Which leads me to ask, given today's graphics technology...what IS virtual reality? Today's MMO (Massively Multiplayer Online) games allow you live a virtual, online/computerized life if you so choose. Worlds of Warcraft, Dark Age of Camelot, Everquest, even the Sims - virtual worlds, 3-D environments, chat, interactivity with living people instead of AI drones; that was the vision we all had for VR. So why don't we CALL it VR? It can't be the immersion factor; there are gamers who spend more of their lives online, earning a virtual living and having virtual relationships, than they do in the so-called real, or physical, world.

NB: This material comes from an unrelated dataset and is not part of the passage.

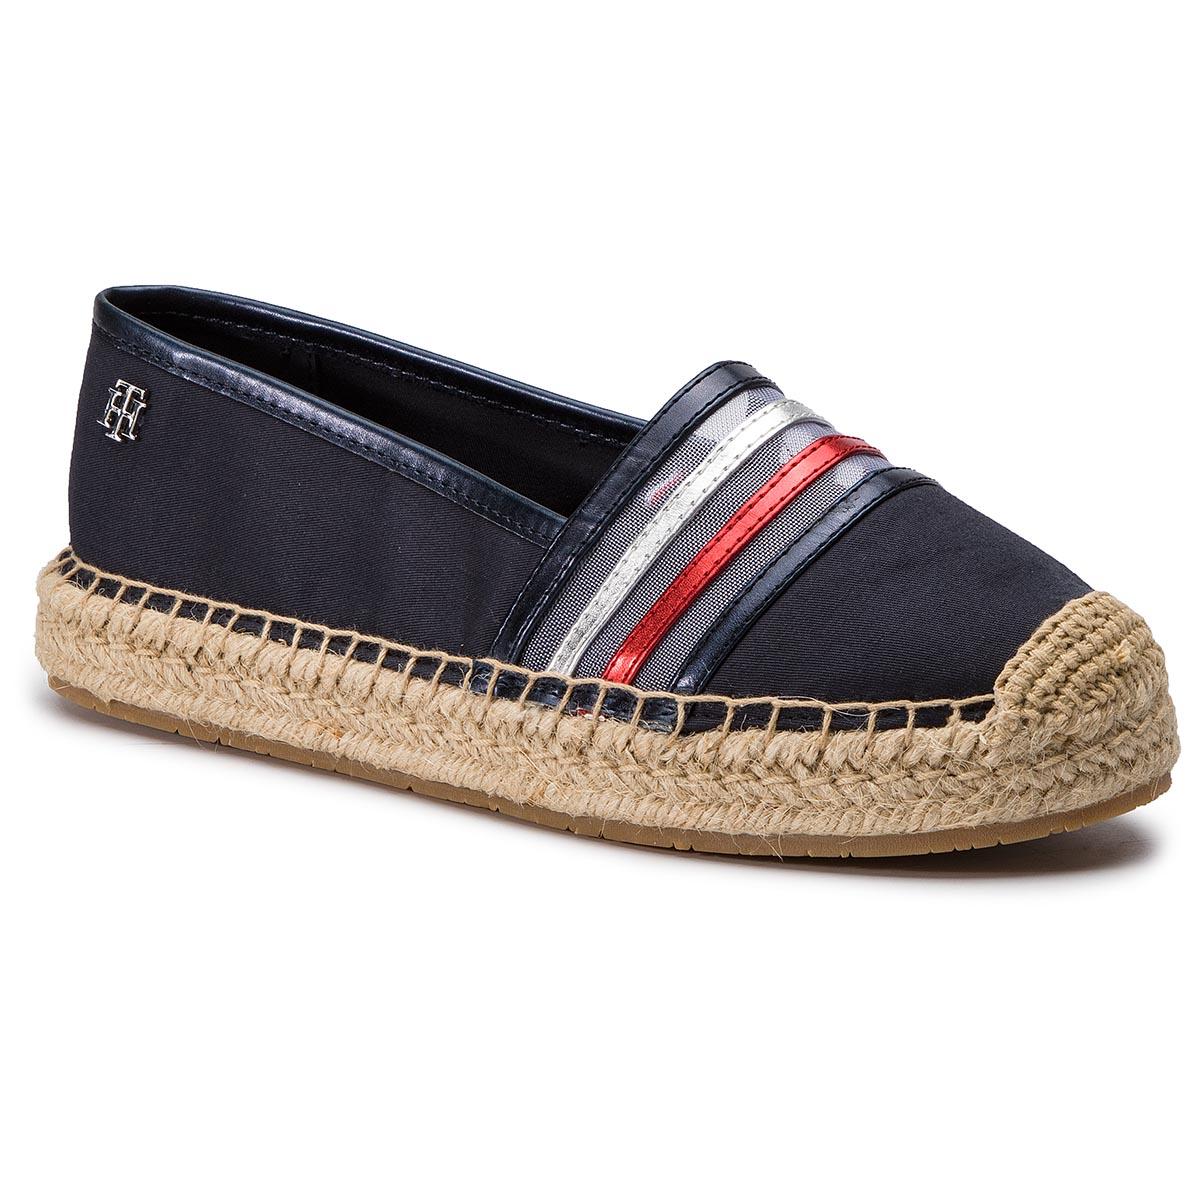 7 Pnkwht Ziane Sneakers Grand 2 119 Lacoste 37cfa0054208 Plus Cfa O0kn8wP

So what makes it different that we don't use the term VR anymore? It's because we once thought we'd find a way to physically enter these virtual worlds - not just type on a keyboard or manipulate an avatar with a mouse, but we'd be able stand in the middle of a virtual landscape, turn from left to right and see the world around us.

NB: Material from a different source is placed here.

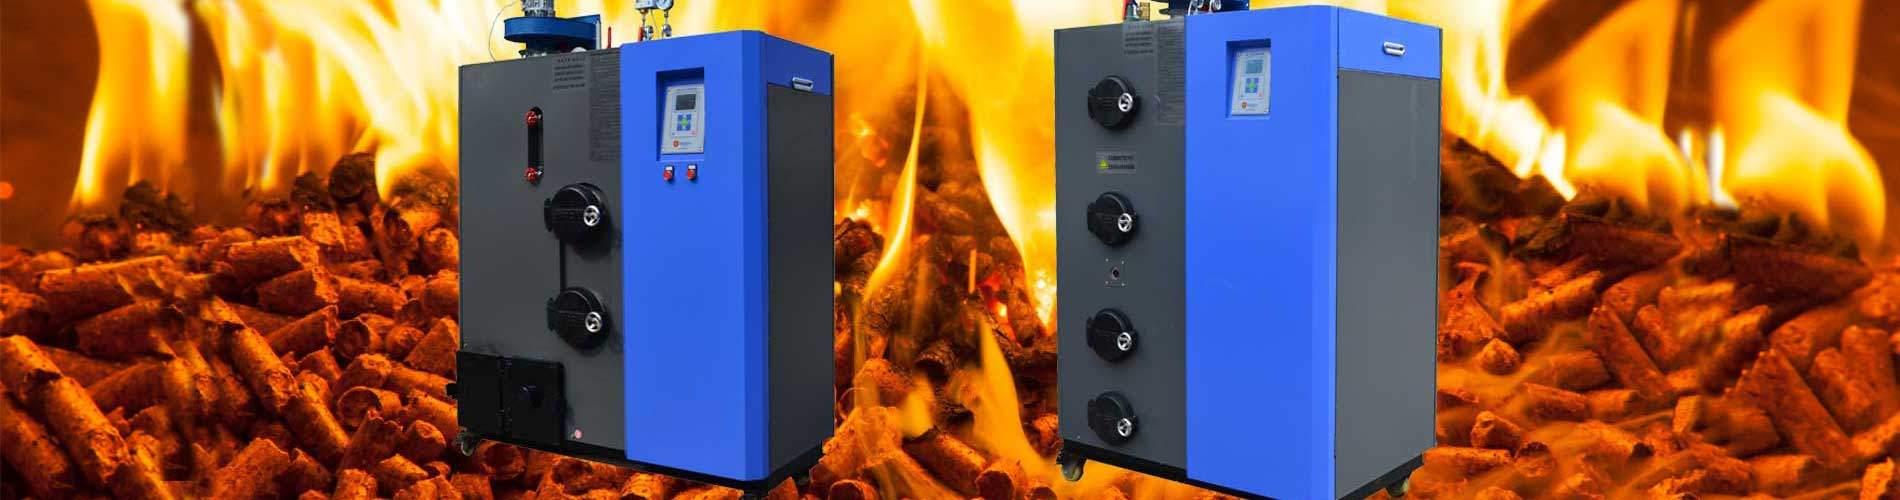 50kg-per-hour-wood-pellet-steam-generators

We're not as far from that as I once thought.

The University first opened its room, the C6, in June 2000 as the country's first 6-sided virtual reality room. The difference between the equipment currently in the C6 and the updated technology to be installed this summer, “is like putting on your glasses in the morning,” said James Oliver, the director of Iowa State’s Virtual Reality Applications Center and a professor of mechanical engineering.
The new equipment – a Hewlett-Packard computer featuring 96 graphics processing units, 24 Sony digital projectors, an eight-channel audio system and ultrasonic motion tracking technology – will be installed by Fakespace Systems Inc. of Marshalltown. The project is supported by a U.S. Department of Defense appropriation through the Air Force Office of Scientific Research.
The project began this spring with a prototype upgrade to one wall of the C6. The remainder of the work will continue throughout the summer. Oliver said the improved C6 will open in the fall. A grand opening celebration is being planned for the spring of 2007.
Oliver is leading a research team that’s developing a virtual reality control room for the military’s unmanned aerial vehicles. The researchers are building a virtual environment that allows operators to see the vehicles, the surrounding airspace, the terrain they’re flying over as well as information from instruments, cameras, radar and weapons systems. The system would allow a single operator to control many vehicles.
The C6 upgrade will move that project forward, Oliver said.
“The idea is to get the right information to the right person at the right time,” Oliver said. “There’s a tsunami of information coming toward you and you have to convey it effectively. We think this kind of large-scale, immersive interface is the only way to develop sophisticated controls.”
Now if they can get together with the Japanese and Koreans and incorporate some of those androids...we've got a Holodeck in the making, people.